Nonfiction Reading That Kids Love

Open a newspaper for a treasure of learning opportunities.

By Amy Mascott
Nov 06, 2012



Nonfiction Reading That Kids Love

Nov 06, 2012

Newspapers hold a wealth of learning opportunities for our children. With the proper support from parents, newspapers can help develop creativity, reading skills, and math skills for our young learners. Before you know it, kids will fall in love with nonfiction reading, newspaper style.

Making a habit out of reading and sorting through the daily paper — or even weekend editions — will demonstrate how parents use the paper as a means for gathering information, learning about the world around them, and planning for future events.
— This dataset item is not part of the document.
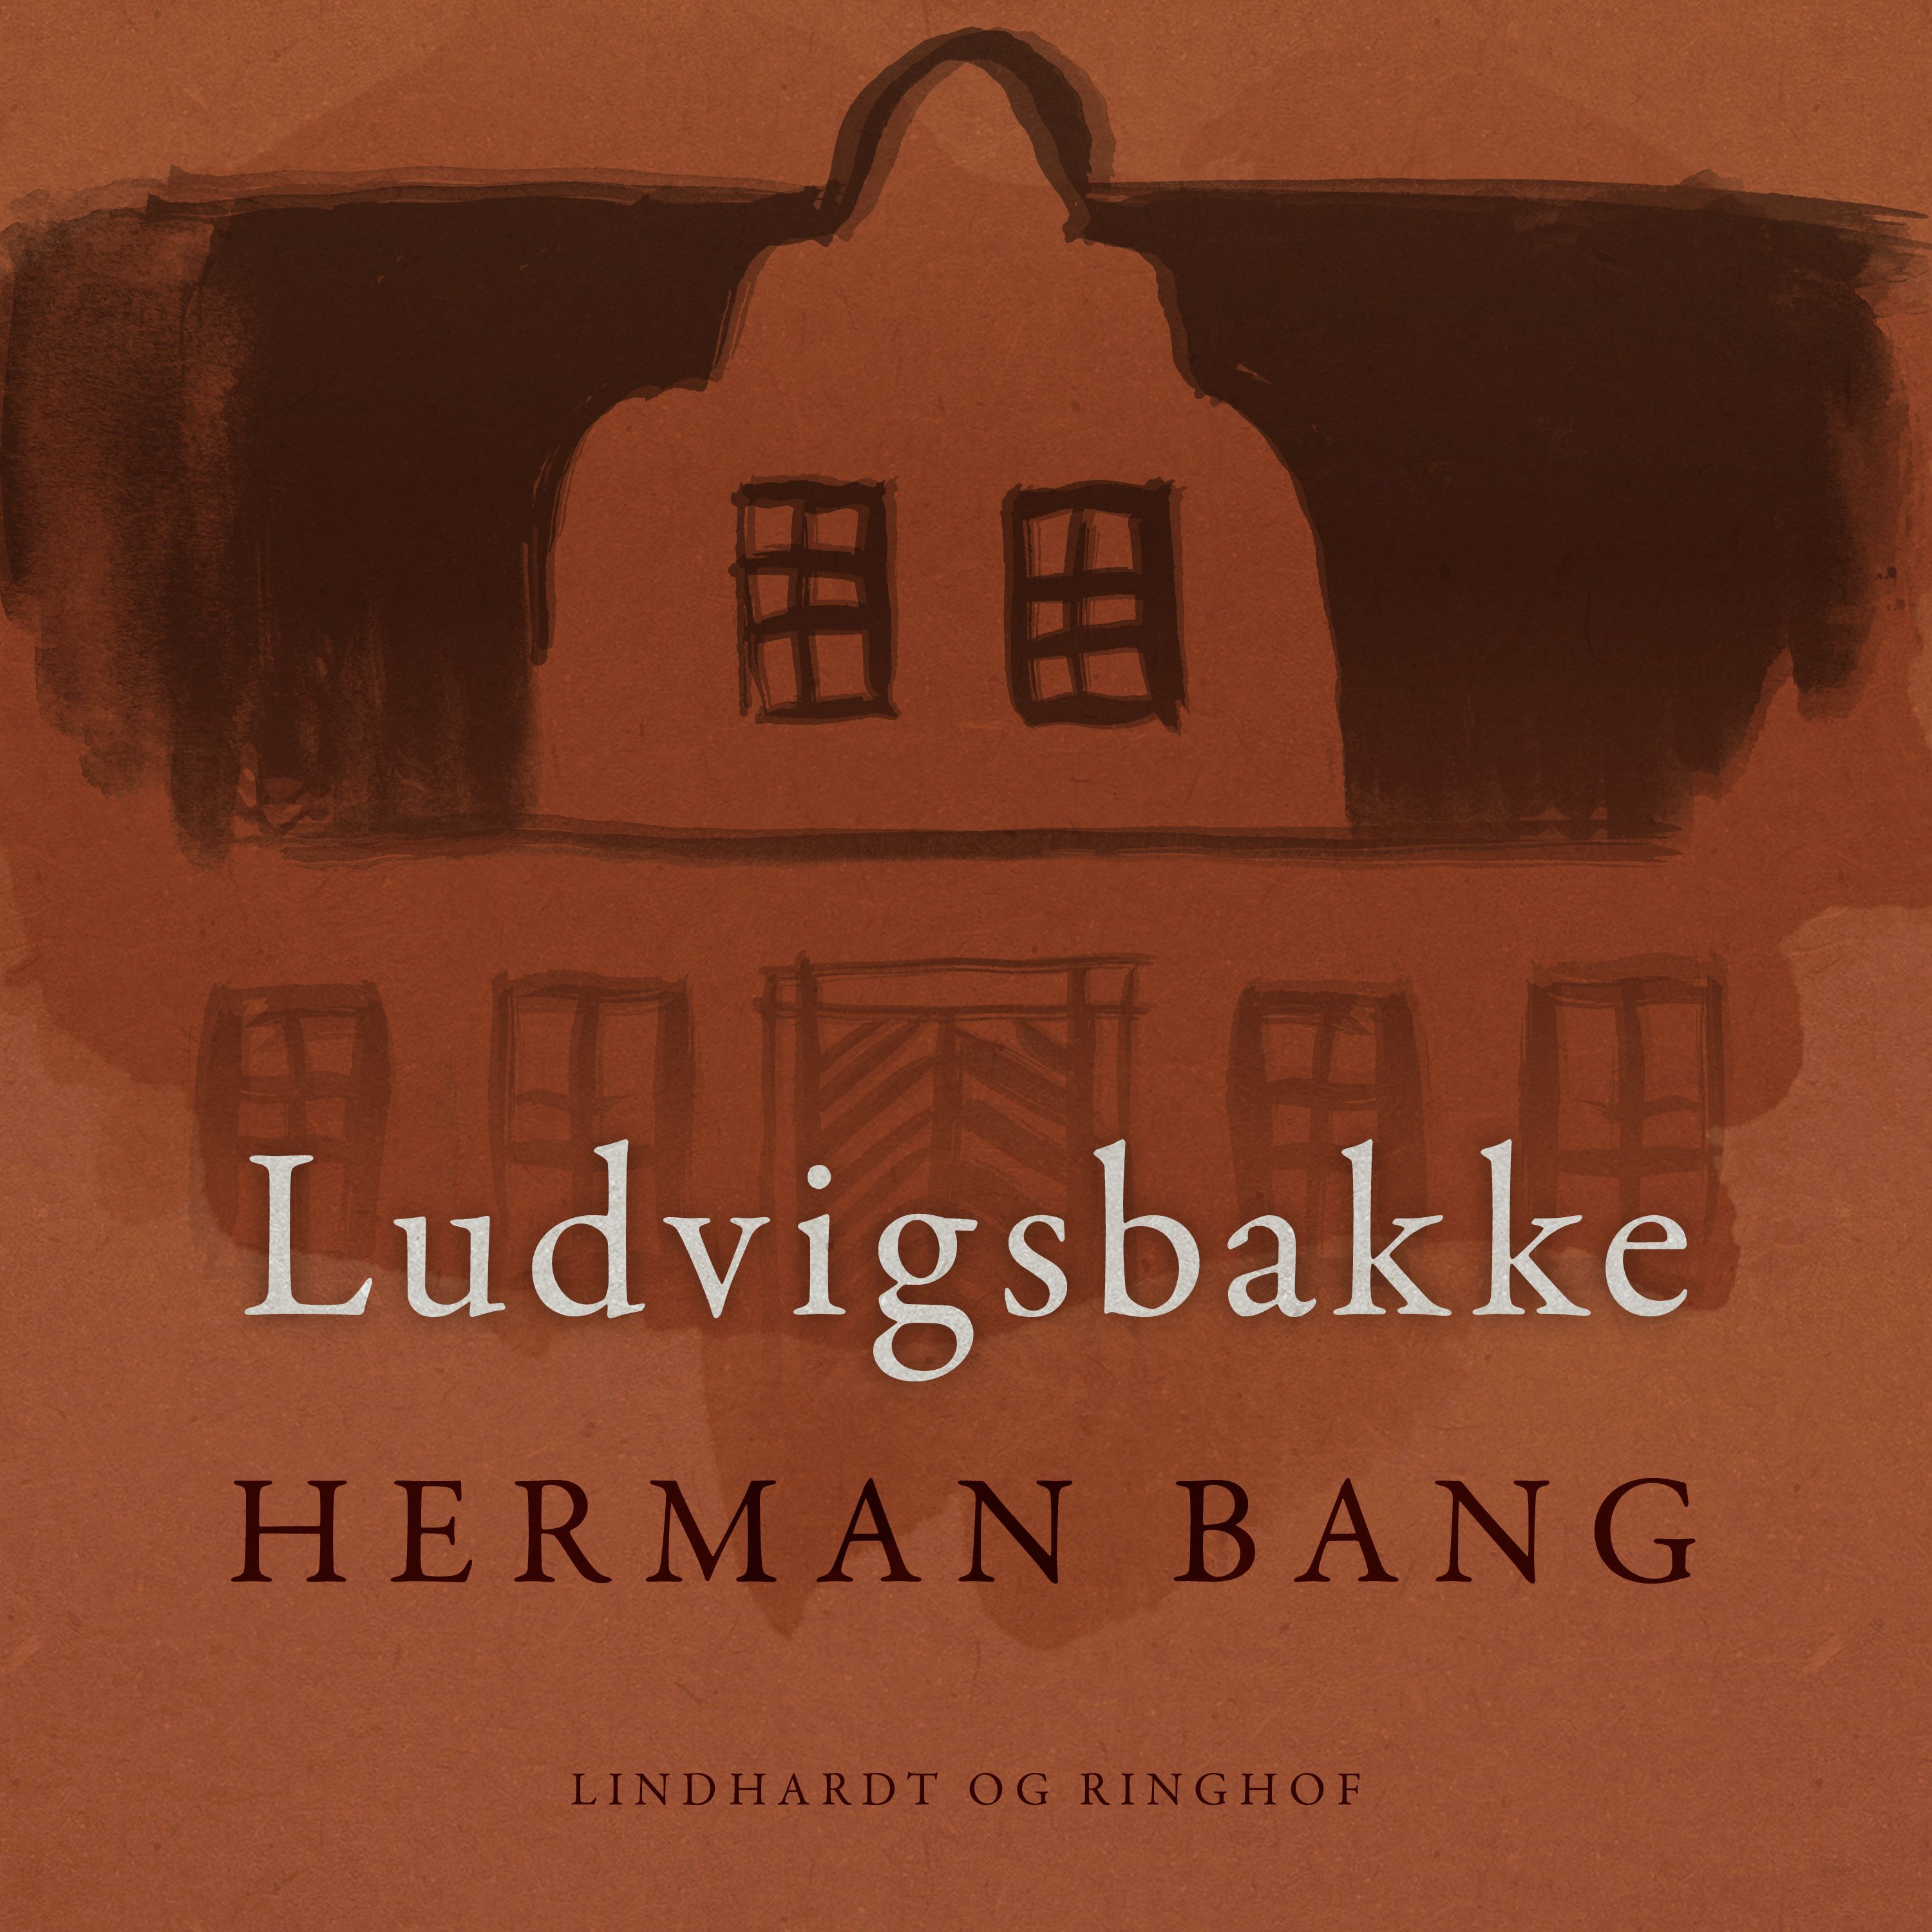 Ludvigsbakke, lydbog af Herman Bang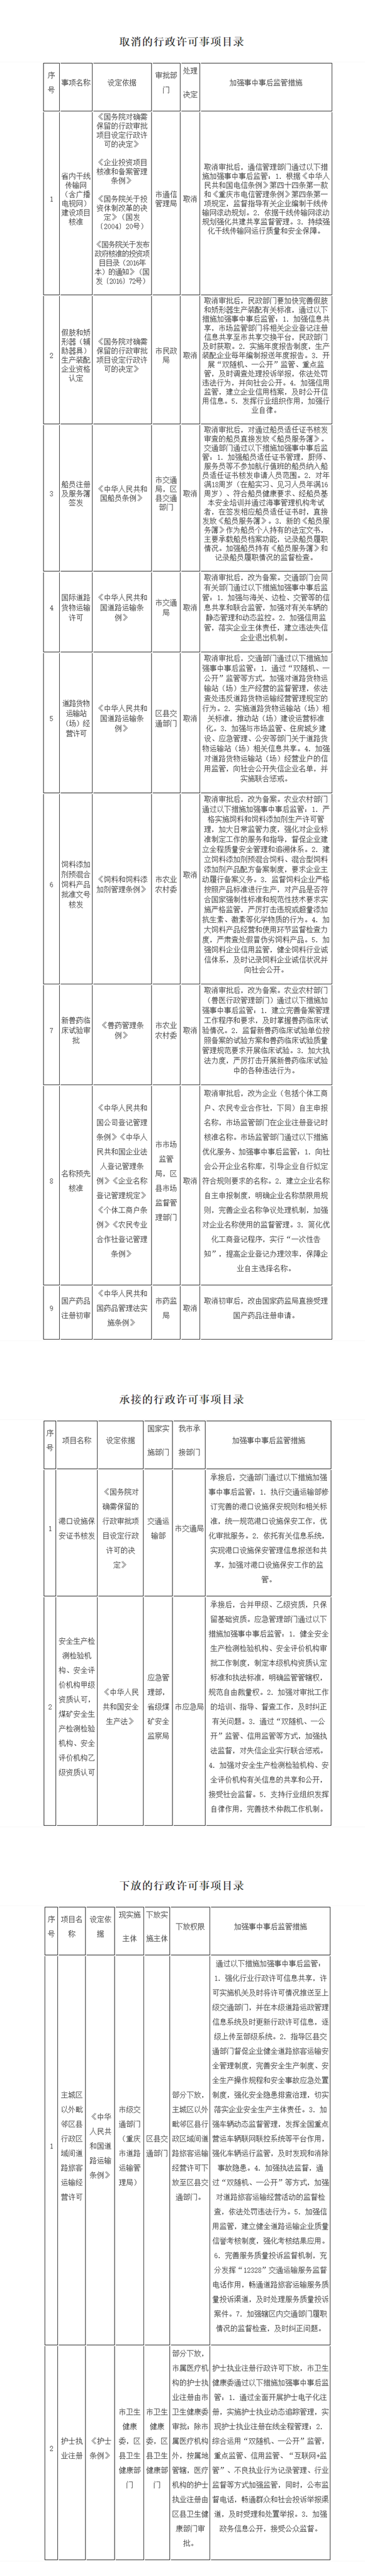 重庆市人民政府关于取消和调整一批行政许可事项的目录(网页截图）.png

Here’s a section-by-section look at how newspapers can be used, even with younger learners:

  • The World Section of the newspaper often contains the most eye-catching photographs and eye-popping headlines. If the photos or headlines are not too scary for young children (sometimes they are!), use them to talk about world events. Look at the photographs and read the headlines, then model for your children how to make logical predictions using both. Talk about what the children know about the topic and what they might learn if they read the article.
  • Most newspapers’ Local Section holds the weather forecast, which is a super place to begin reading each day. Show your children the week’s forecast, and have them count the number of sunny, rainy, cloudy, or snowy days. Discuss which weather you’ll see the most and which you’ll see the least. Talk about what you need to wear or have with you in order to be best prepared for the day’s weather.
  • The Style or Arts Section often contains the comics and Kids’ Section, which are great supports for emerging readers. Cover the words in a comic strip and have your child make up her own silly story using the pictures in each box; this is a great way to stretch little ones’ imaginations and to create beginning, middle, and end events. Many papers have a Kids’ Section, and whether it’s one page or several, the articles and photos are usually kid-friendly and easier to read. Read the article to your child — or support him as he reads — and talk about the contents. Consider using the Internet to search for more information.
  • The photographs in the Sports Section are often stories in themselves. Point out the sports being played in each picture, taking a minute to talk about the variety of athletes, equipment, and locations where each sport is played. For slightly older learners, the box scores are a super place to stop and talk about numbers, especially averages and differences between winning and losing scores!
  • There’s no need to overlook the Coupon Insert because the colors, pictures, and numbers can be used for playing games with math. Give your child a pair of safe scissors, and roll through the alphabet, searching first for anything that begins with an A, then a B, then C, and so on. Collect your pictures, then glue them on paper for a colorful alphabet reference. Or give your child a marker, and do the same thing with numbers: hunt for a 1, 2, 3, or specific monetary amounts — 25, 50, or 75 cents. Go on a hunt for the biggest coupon amount.

Even if your children are young, the newspaper is a fantastic way of incorporating nonfiction texts into your every day.